What to do with Remnants of State Insurance Building?

The Historic Landmarks Commission has an especially interesting agenda for their meeting this week, Thursday the 21st.

When it was the YMCA (WHC 2014.064.0060)

Even if they don't necessarily intend to get at the question directly, they will have to consider indirectly what exactly is the main purpose of historic preservation. Is the accent on telling better history? Or is the accent on the preservation of old buildings and building parts as much as possible as a defense against development? Is narrative history or anti-growth the engine of historic preservation?

The topic is prompted by a formal request from the Willamette Heritage Center:

[A representative from the Mill] has requested that the Salem Historic Landmarks Commission (HLC) initiate the local historic resource nomination for the State Insurance Co. Building (1888). While the building dates back to circa 1888, the exterior of the building has gone through significant alterations beginning in 1960 when the upper stories of the building were removed....The building is significant for its association with the State Insurance Company, the Oregon Land Company, the Salem YMCA and former President Herbert Hoover. The original structure was a good example of the commercial Second Empire architectural style for this period.

The Recommendation from the City is negative:

Staff recommends the HLC take no action to initiate the local historic designation of the State Insurance Co. Building because the proposed resource is not eligible for designation due to its lack of historic integrity.

The history of the building's form is even more complicated than the materials from the Mill and the City suggest.

Its very first version was a two-story brick without the Mansarded third floor.

An early two-story version of
State Insurance Building
1887, detail
(Salem Library Historic Photos)

Another view of the two-story version
March 28th, 1931

In the late 1880s it was remodeled by the addition of the third story, and this is the form in which we have mainly remembered it as "historic." (See YMCA postcard at top.)

Then, after about 70 years as a three-story structure, it was decapitated.

from the Staff Report

The resulting, heavily remodeled one-story structure is what we see today.

The Staff Conclusion that "the proposed resource is not eligible for designation due to its lack of historic integrity" is very strong. As we have resolved "integrity" into aesthetic judgement about the retention of wholeness from some imagined original purity, the building is not integral. It's a muddled mess.

Additionally, apart from the aesthetic question, there is a moral question. The City proposes to site some kind of affordable, subsidized housing project on this corner. A theme here is that historic preservation, narrowly construed, has become too often a kind of quasi-zoning scheme used for exclusionary ends. This should be a clear instance where we should not let the nearly unrecognizable remnants of an old, historically significant building interfere with or necessarily raise the cost of new housing.

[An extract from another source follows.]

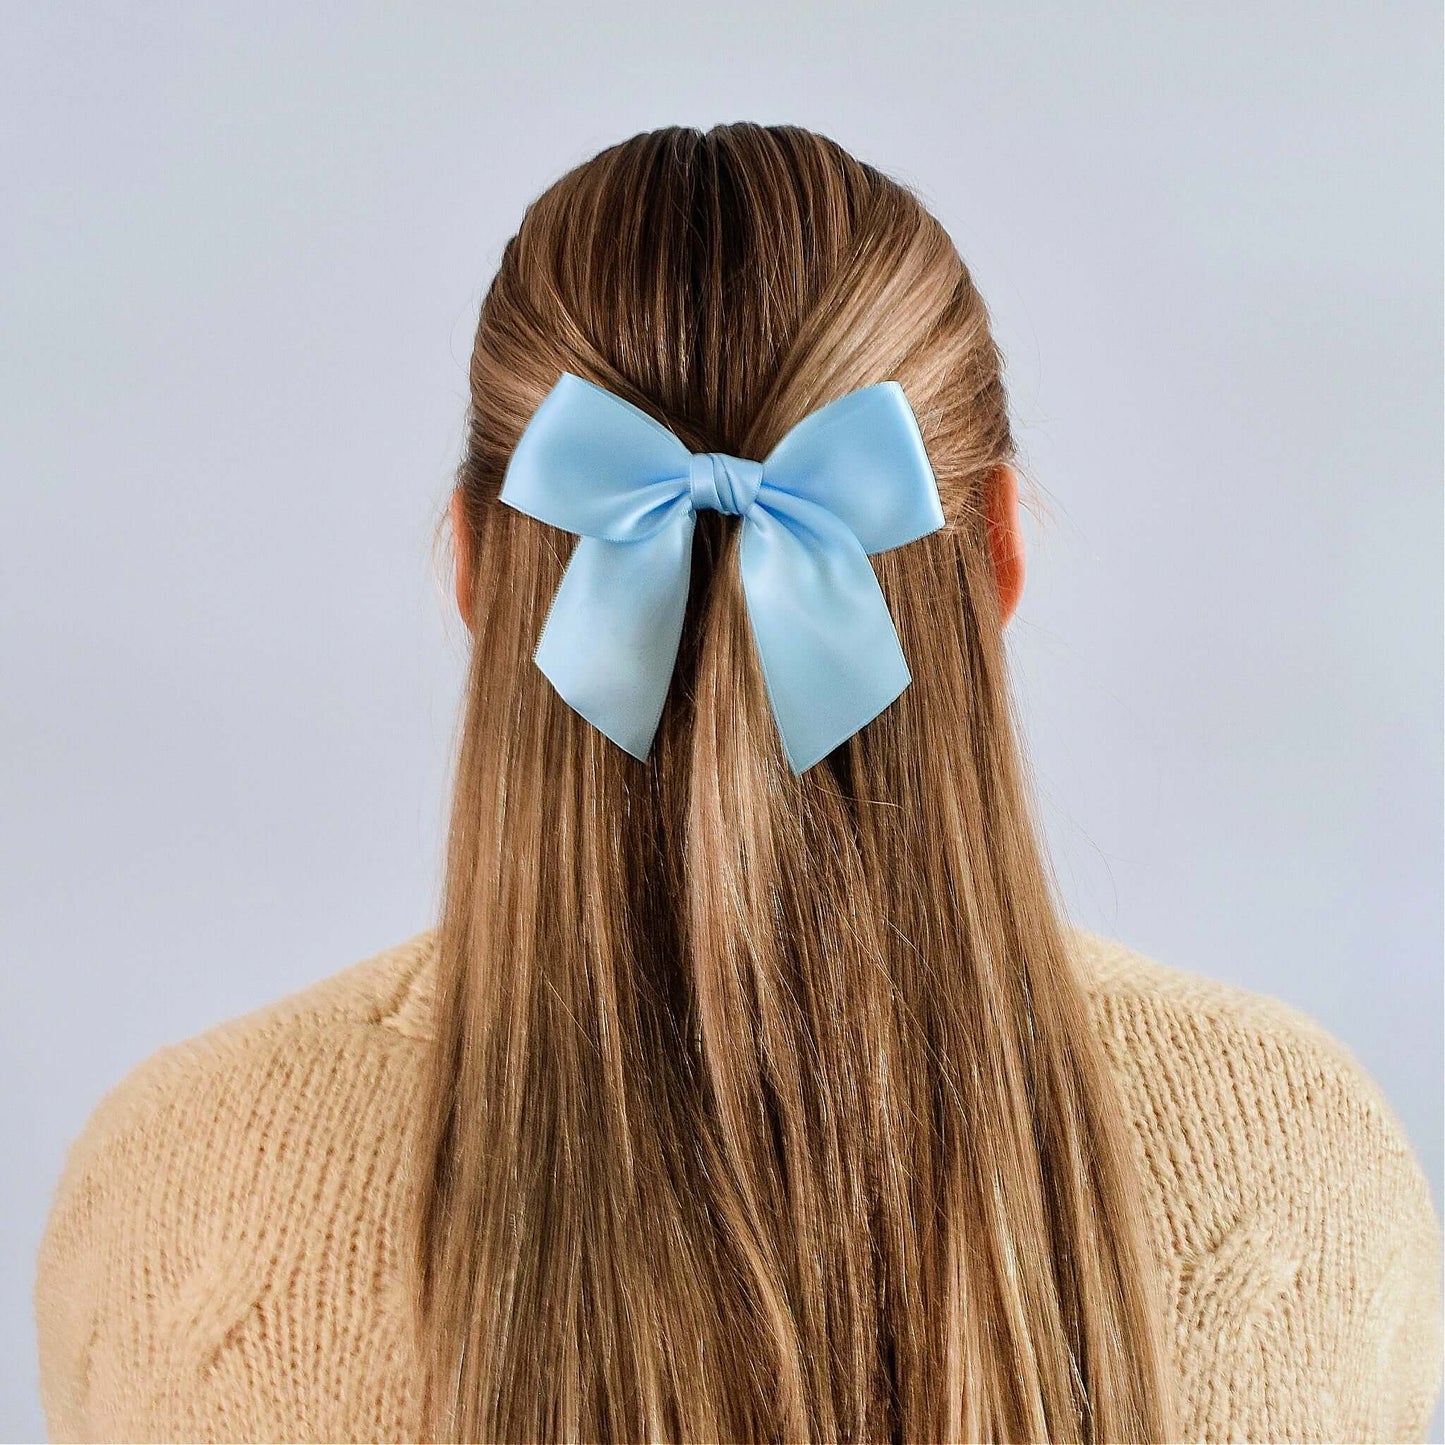 Blonde girl wearing a light blue grosgrain sailor hair bow with long straight hair, back view

So if we do not put the accent here on the preservation of old buildings, can we tell better history?

I think we can!

Also on the agenda is consideration of "Demolition, Sale and Mitigation."

Bank vault, ghost signs, old growth timber

In that Staff Report there are picture of neat architectural details like the bank vault door, old ghost signs for the junk stores, and old growth timber.

Any demolition should include a careful deconstruction and salvage of these so they can be repurposed in art or in new construction. With these parts and with appropriate interpretive materials we can still tell the stories of the State Insurance Building, of the Oregon Land Company and its place in Salem development, of Bert Hoover's youth, of the early the YMCA, and of junk shops and the role of Jewish immigrants in Salem. If we focus on the telling of history rather than the preservation of a building, we can in fact offer a better, richer sense of that history.

Ladd and Bush Bank is 20th century construction
May, 1966 (University of Oregon)

We already have a more flexible understanding of historic preservation, but we have swept it under the rug. Our celebrated Ladd & Bush Bank of 1868 is fantastical! It is new construction with the original cast iron detailing applied to the surface. The building as "old" is fake!

But that doesn't bother us.

Similarly, we should be able to take the important details from the State Insurance Building, and more explicitly work them into new construction or into new art to tell stories about 19th and 20th century Salem.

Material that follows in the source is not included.